Problem description =
Starting at the line containing "LR RACINE Special Care Feuchtigkeitscreme" and ending at the line containing "Maa Durga Murti Wallpaper Hd Quality", transcribe the listing below exactly. Keep both end lines, skip the pictures, and copy nothing else.

Extracted material =
-=-=-=-=-
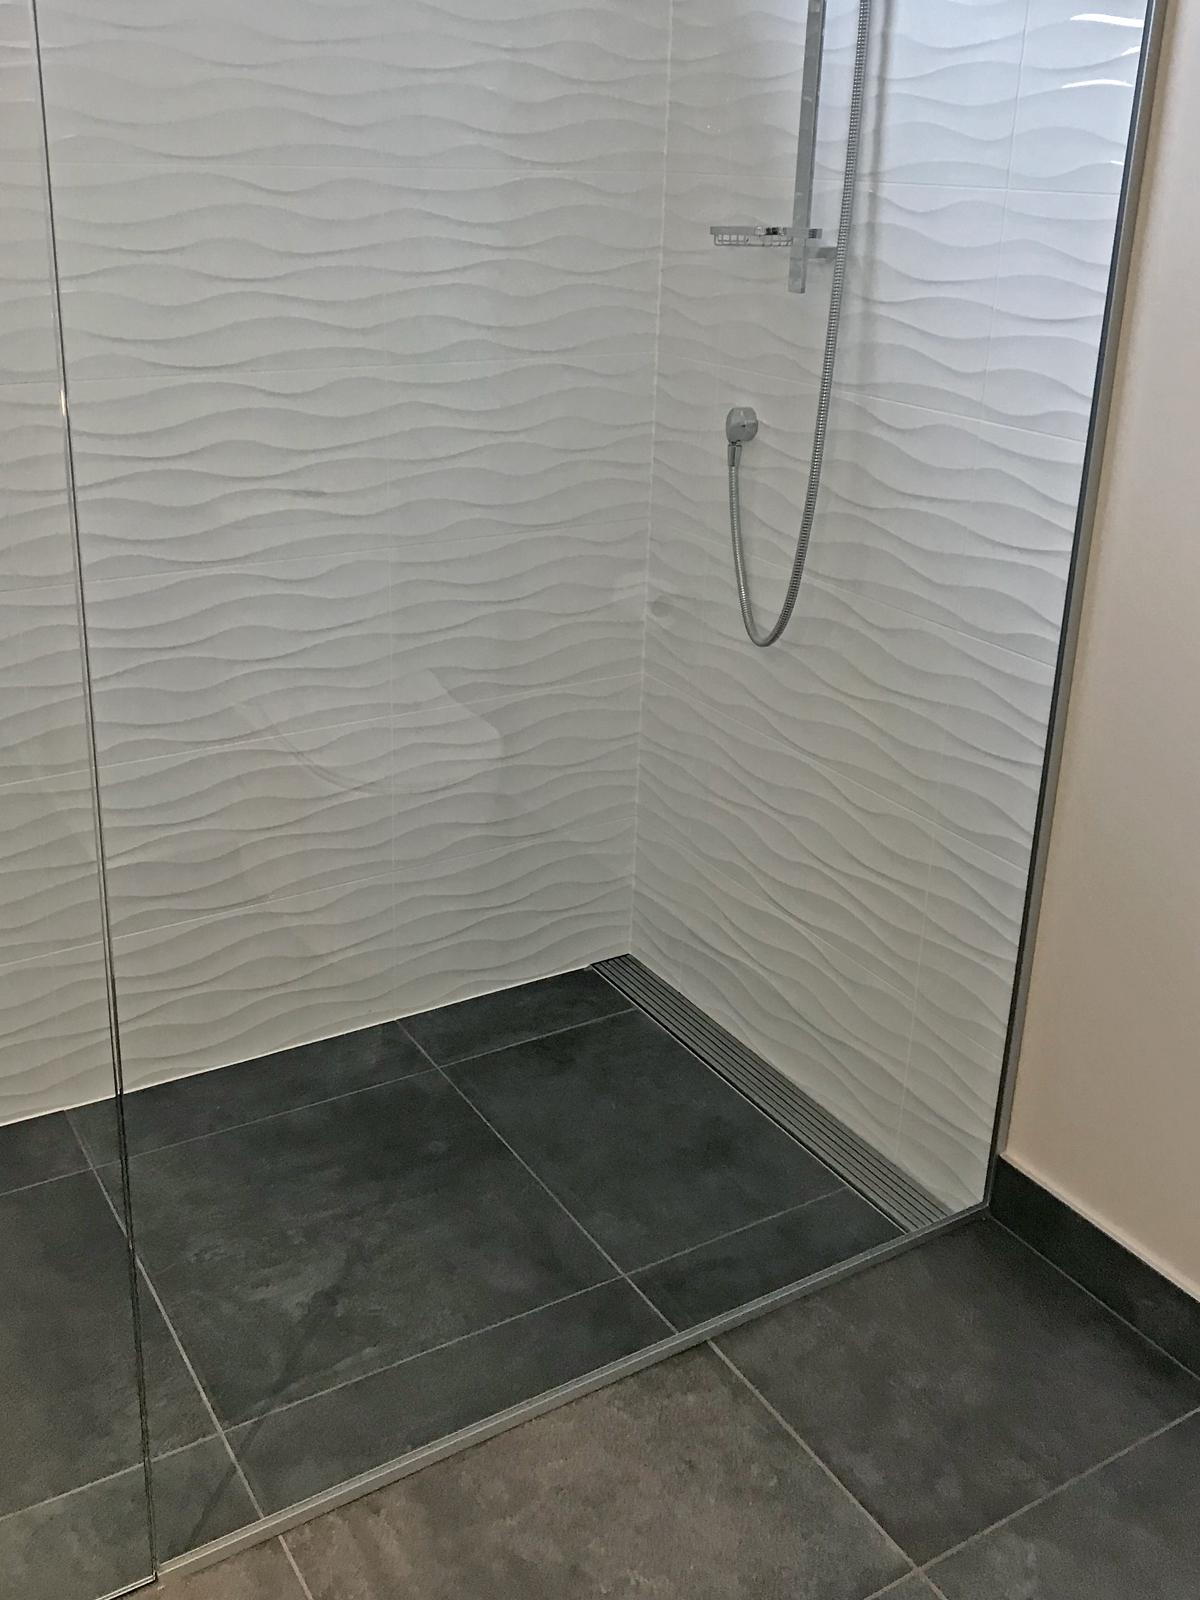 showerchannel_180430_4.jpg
-=-=-=-=-
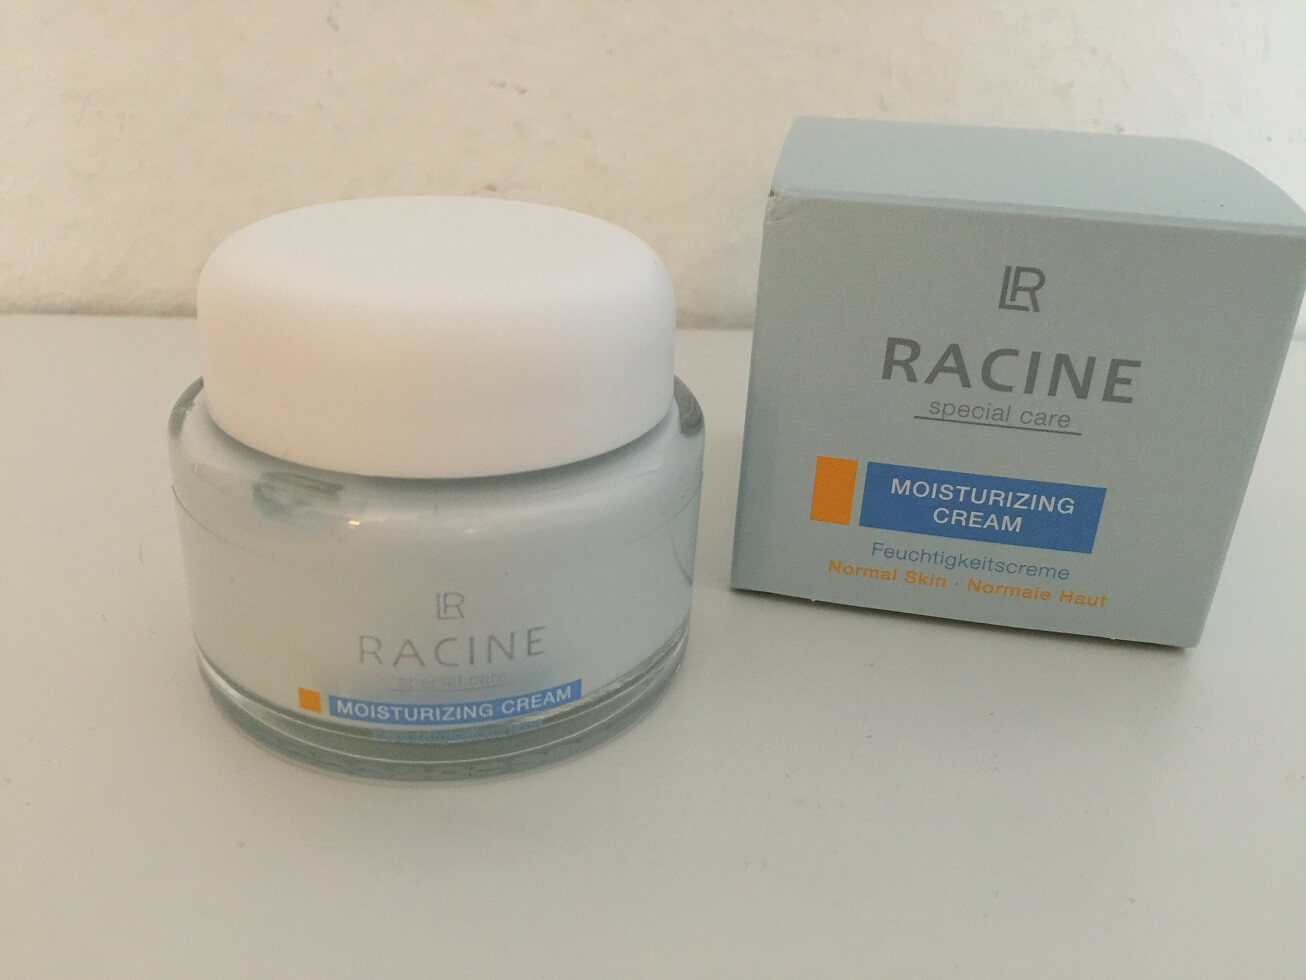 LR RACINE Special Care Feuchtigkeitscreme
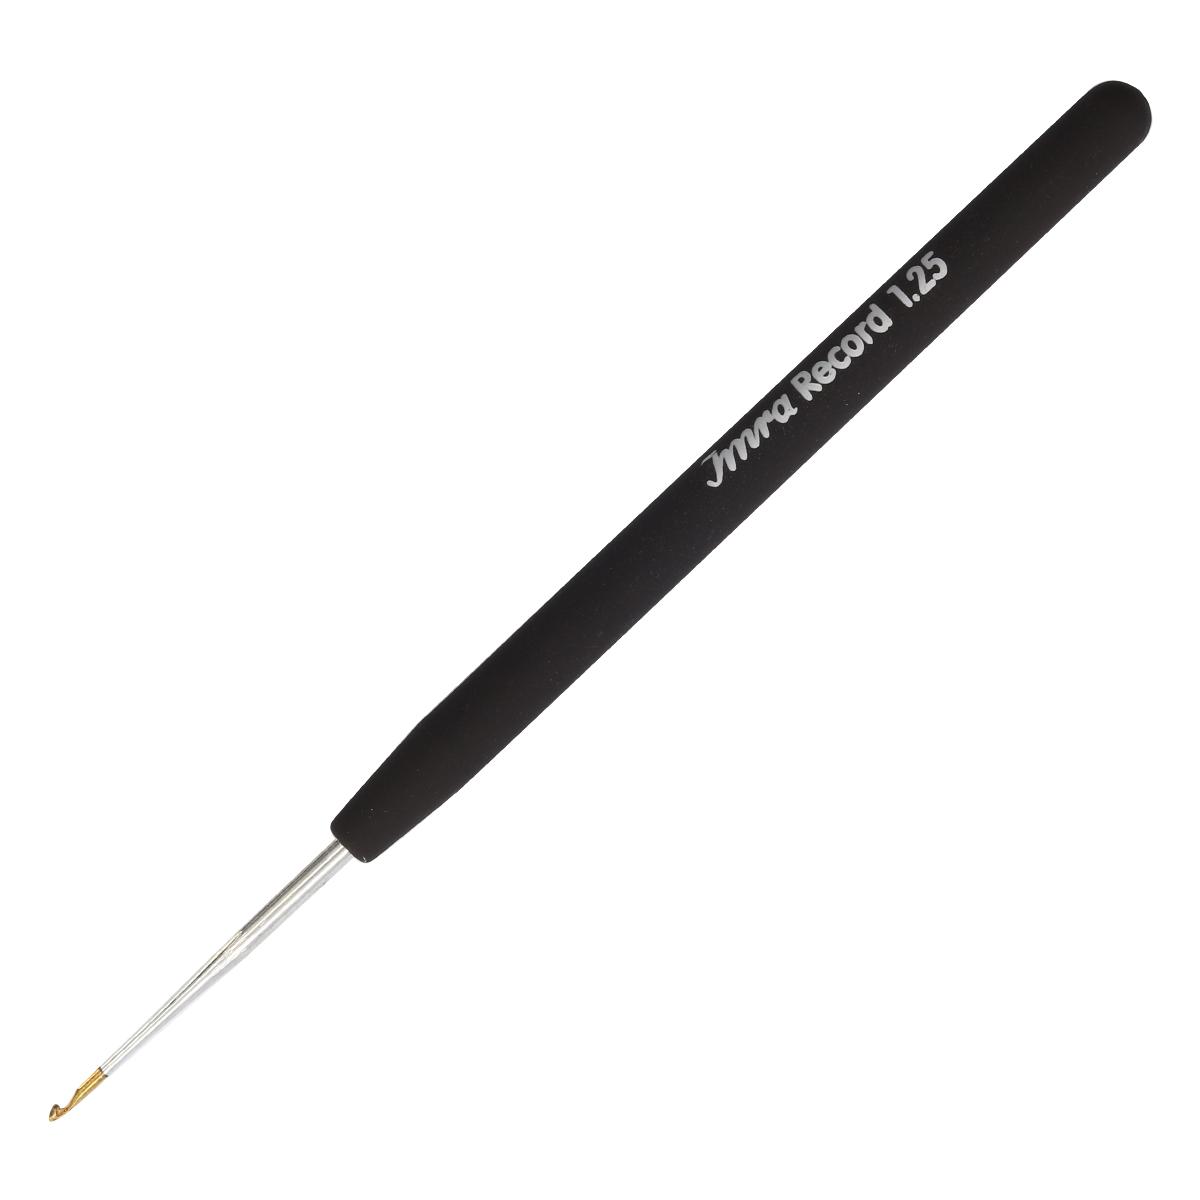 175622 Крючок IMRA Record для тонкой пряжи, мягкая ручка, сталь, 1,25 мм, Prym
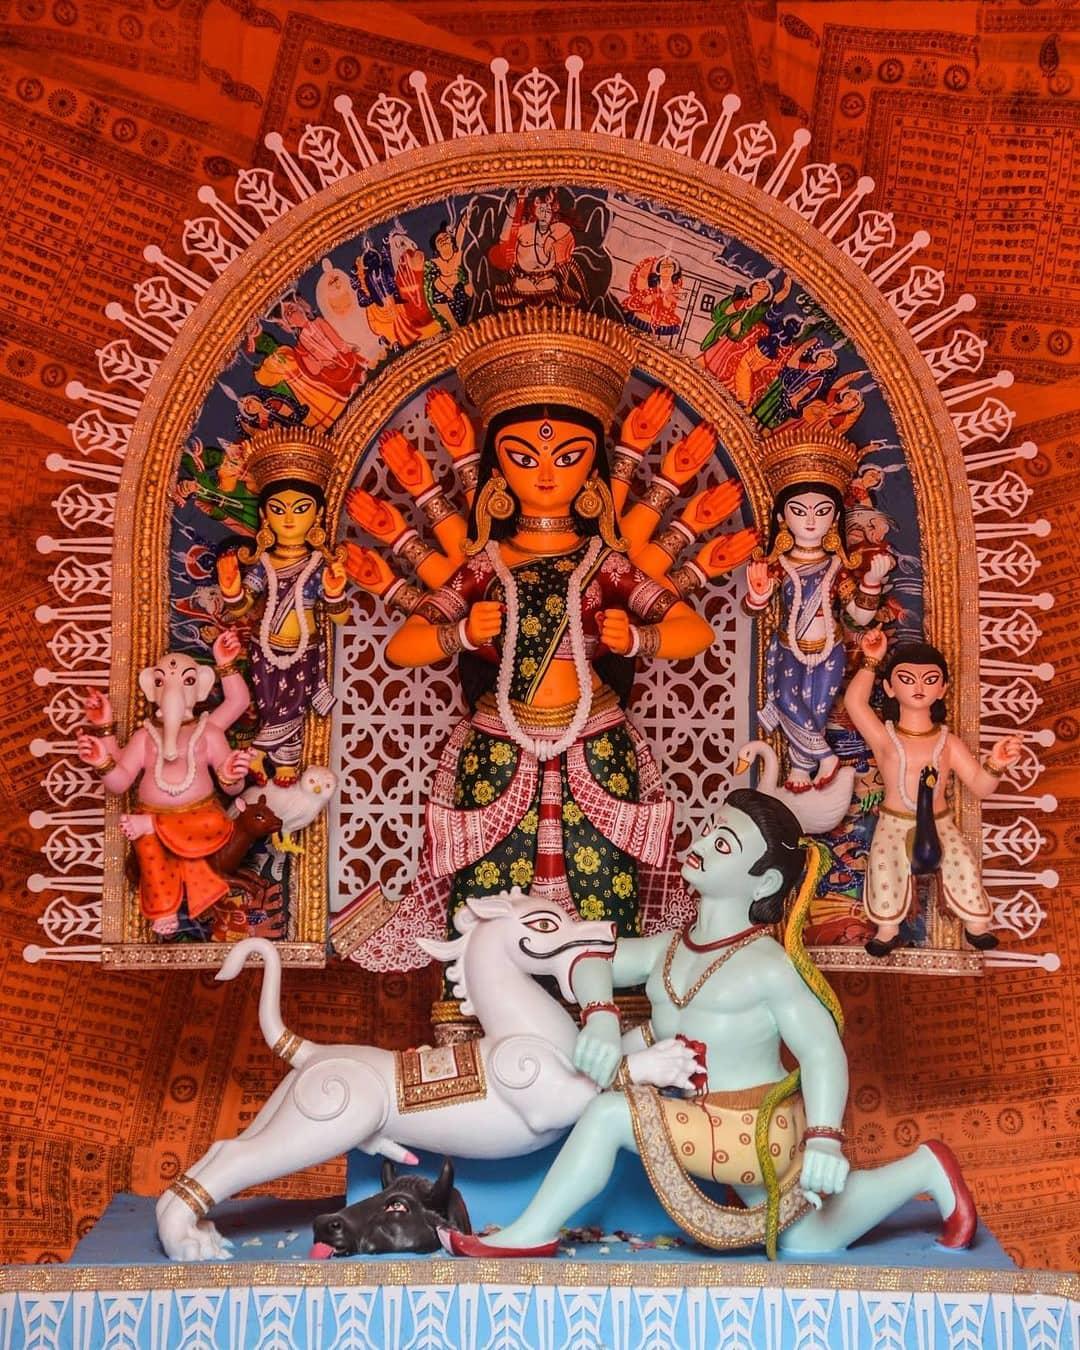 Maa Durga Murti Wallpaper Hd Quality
-=-=-=-=-
Result below =
 LR RACINE Special Care Feuchtigkeitscreme
 175622 Крючок IMRA Record для тонкой пряжи, мягкая ручка, сталь, 1,25 мм, Prym
 Maa Durga Murti Wallpaper Hd Quality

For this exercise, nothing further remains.